New York’s infection rate reached 4.27% on Saturday—the highest level since May, Governor Andrew Cuomo announced on Sunday. Across the state, including micro-cluster zones, the percentage had risen from 3.9% the day before, and of 157,000 coronavirus tests, 6,723 were positive, Cuomo said.

"It was the highest since back in May," the governor said on a press call from Albany on Sunday. "If you look at New York relative only to New York, you see the numbers going up. Not as fast as in other states, but the numbers are going up."

Already on Monday, the governor noted that the positive testing rate in all focus areas under the state's Micro-Cluster strategy was 6.22%, and outside the focus zone areas, it was 4.02%. Hospitalizations also surged past 3,500 over the weekend—an alarming volume not seen in New York since May. 

"I expect you're going to see the rate going up through the holiday season," he said. "This is a new phase for COVID—call it the winter phase or the holiday phase or the surge upon surge phase."

So far, Cuomo has announced that small gatherings are currently the number one spreader of COVID-19 and account for 65% of all cases.

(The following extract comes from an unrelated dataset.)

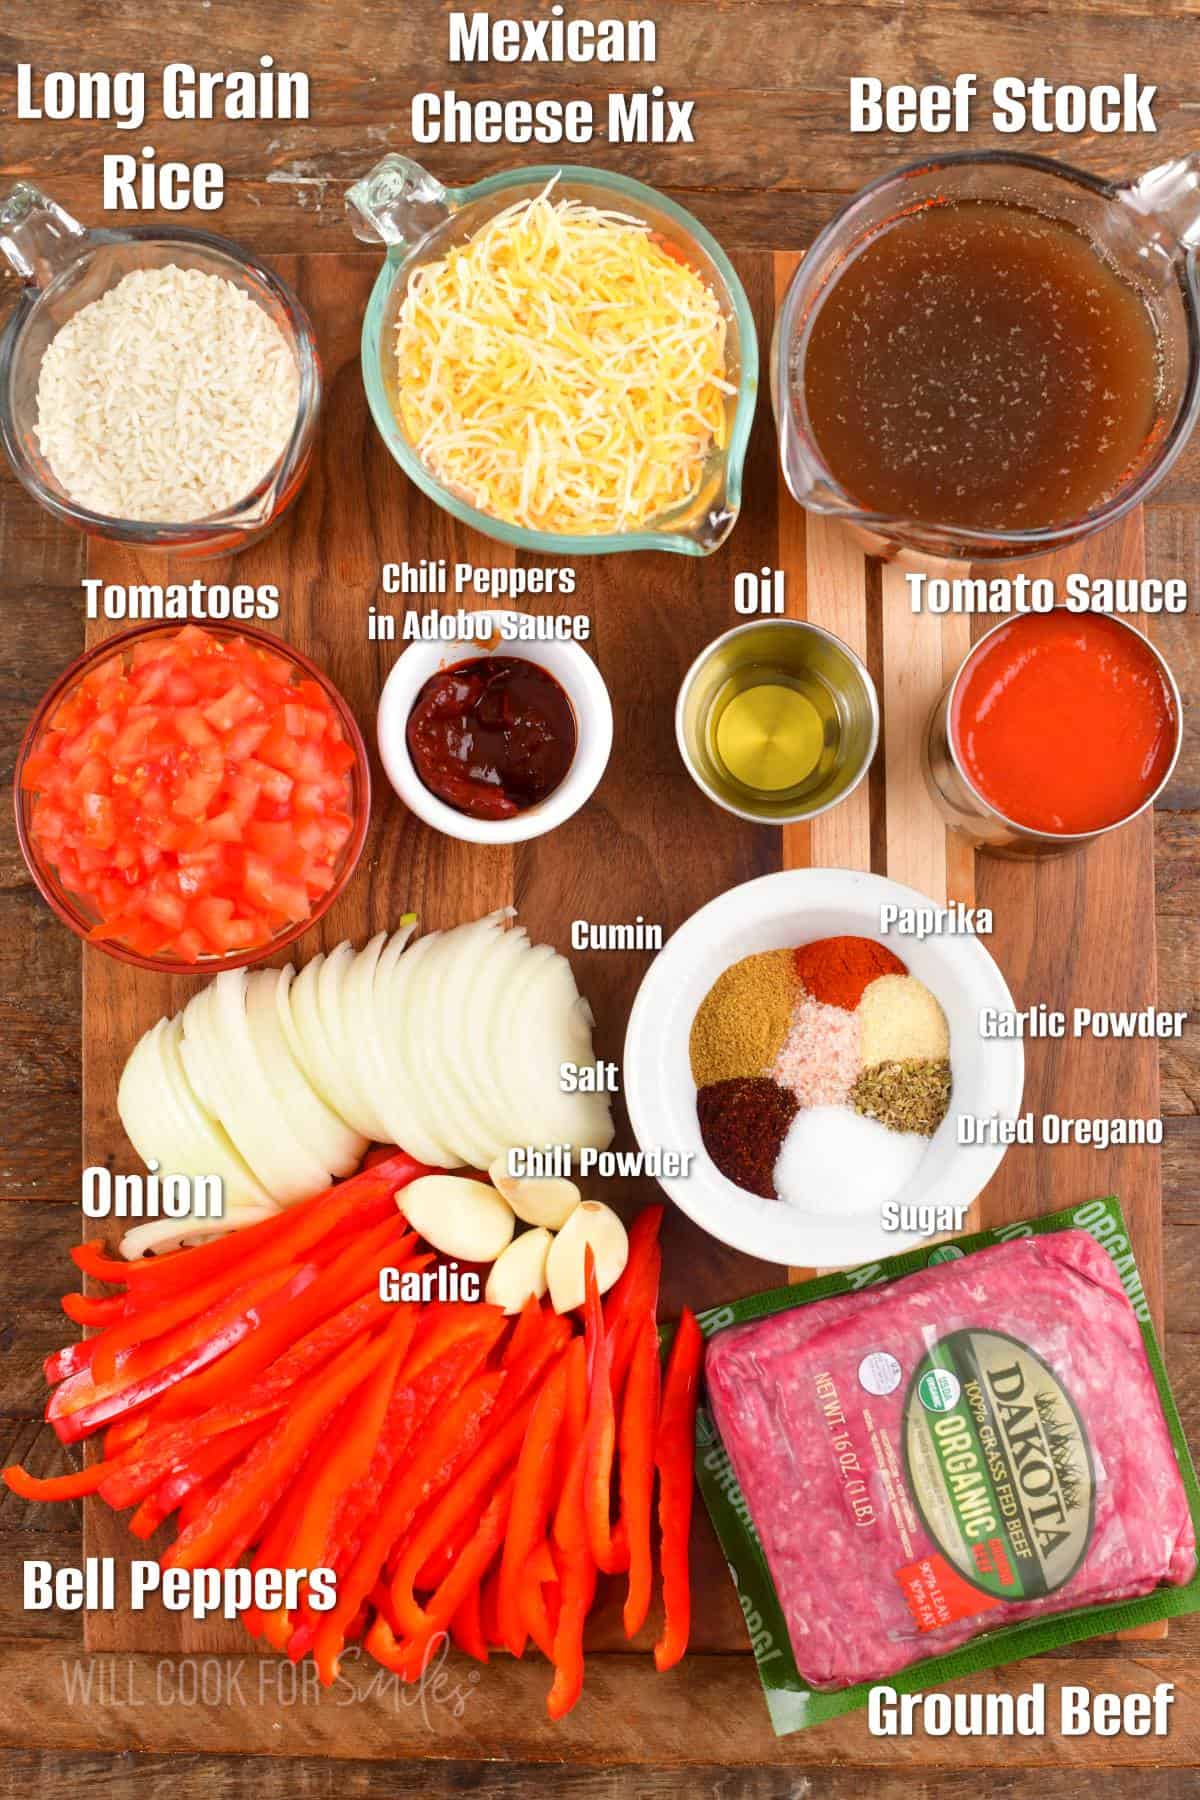 labeled ingredients for beef enchilada casserole on the wooden board.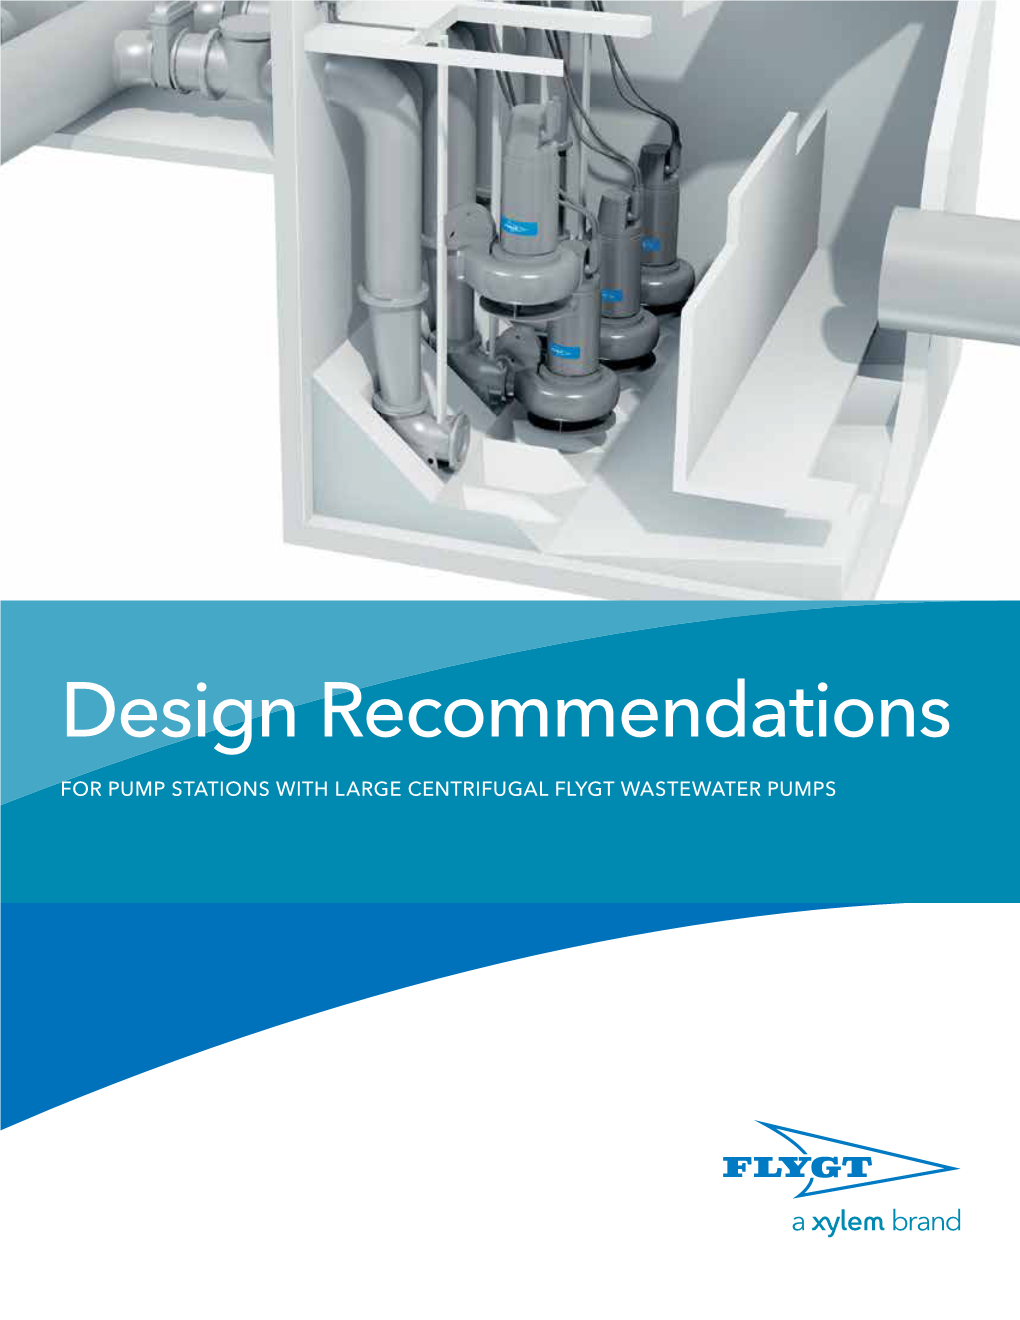 Design Recommendations for Pump Stations with Large Centrifugal Flygt Wastewater Pumps Brochure

He said that tightening restrictions across the state won't control the spikes because the spread is largely happening in living rooms. While there's no way of really enforcing what people do in their homes, Cuomo is focusing on educating New Yorkers.

"The government doesn’t have the ability to monitor it," he added. "We have to communicate this to people in the same way we communicated masks ... all you can do is educate people and hope they hear you when you ask them to wear a mask. It's public education." 

He also noted that the state will now begin focusing on the number of hospitalizations and capacity at hospitals by mandating hospital networks and individual hospitals to distribute patients equally so that no one hospital is overwhelmed as the winter goes on.

New York will also begin identifying retired nurses and doctors for hospitals experiencing staff shortages.

More details for the "winter phase" in New York will be announced this week, Cuomo said.